### Problem statement
Word for word, set down the lines from the one that holds "NTC Thin Film" through the final line of the listing below, and exclude every picture.

### Data shown
=== Begin Enclosure ===
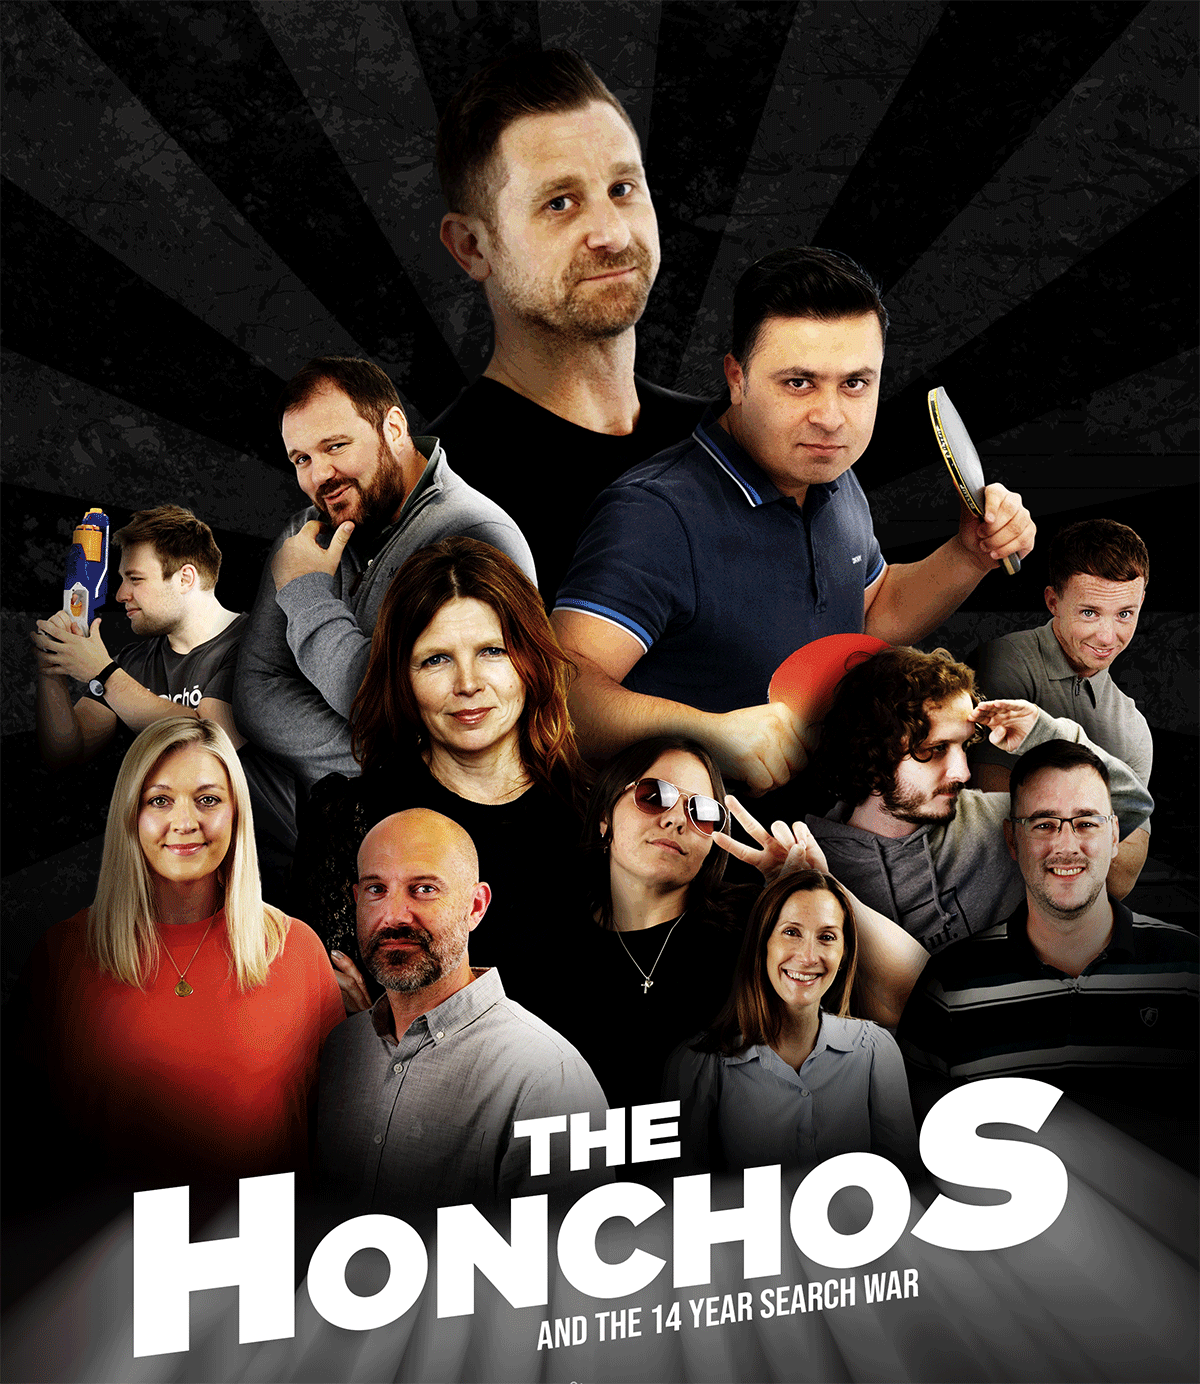 The Honchos
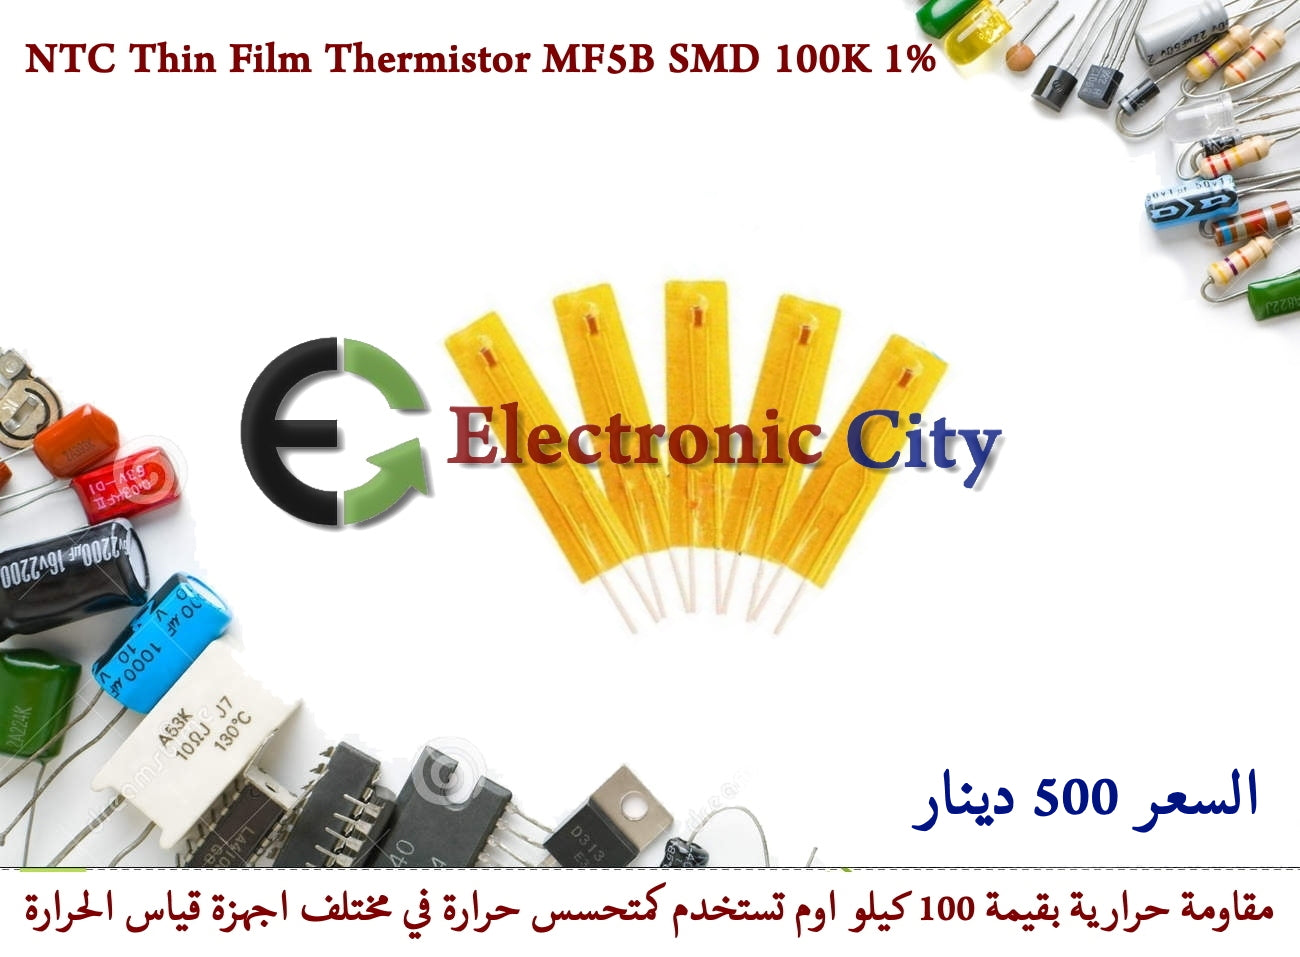 NTC Thin Film Thermistor MF5B SMD 100K 1% #J4.  11310
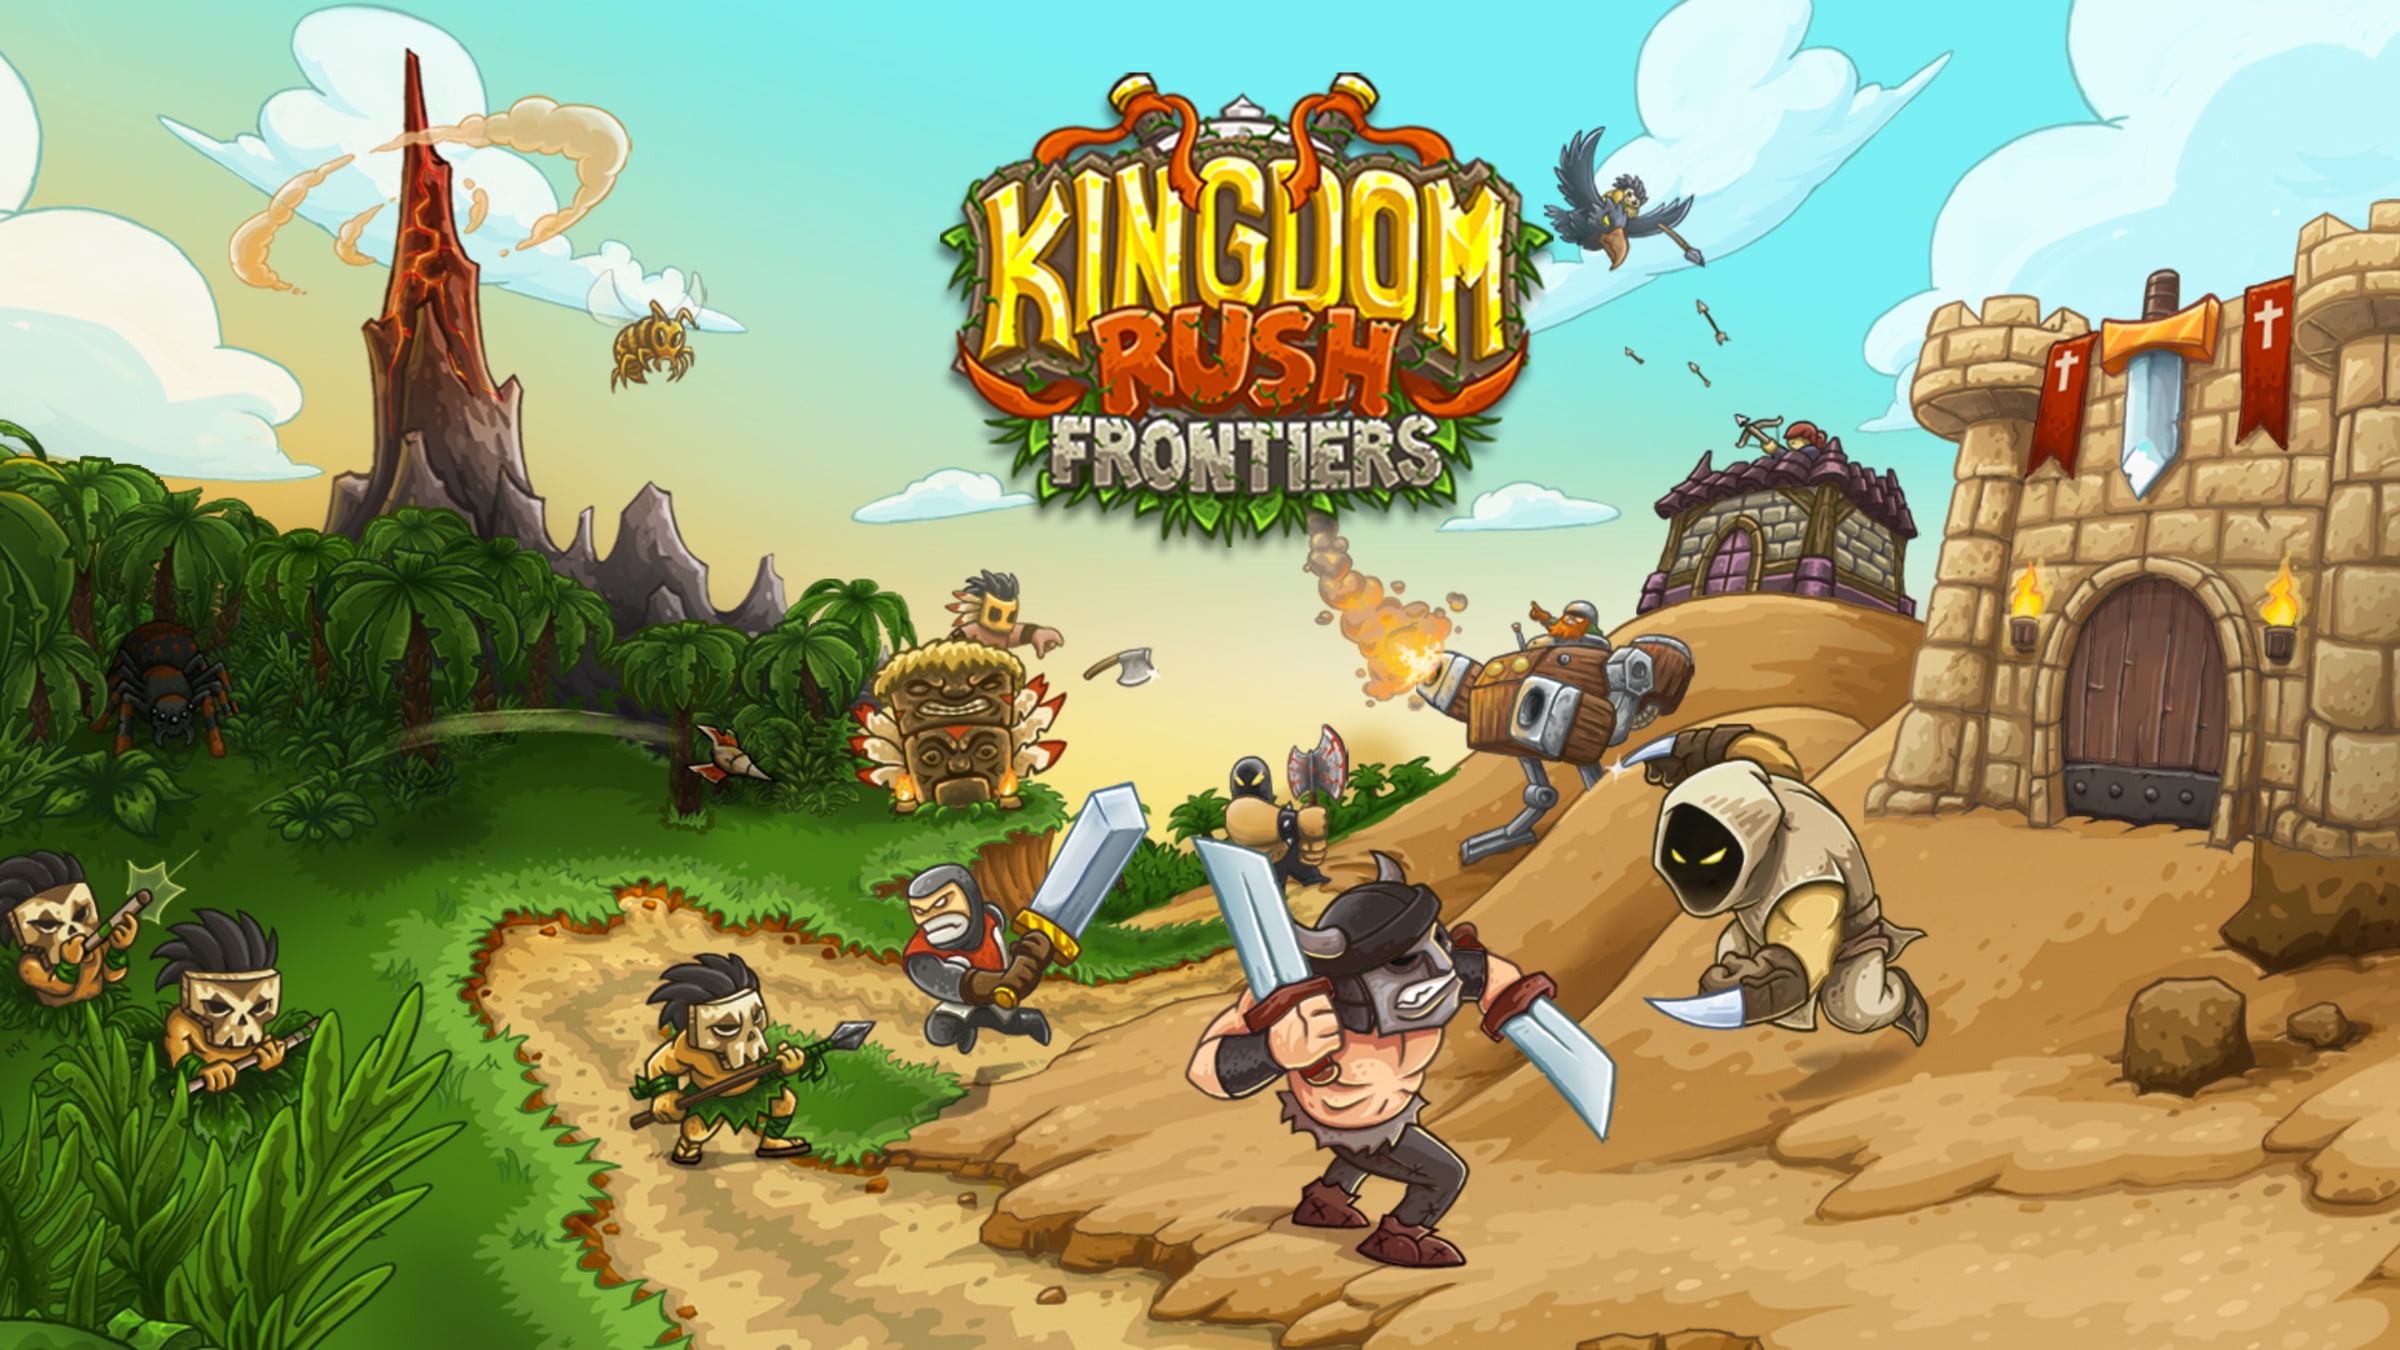 Kingdom Rush Frontiers TD
=== End Enclosure ===
### Your response
 NTC Thin Film Thermistor MF5B SMD 100K 1% #J4.  11310
 Kingdom Rush Frontiers TD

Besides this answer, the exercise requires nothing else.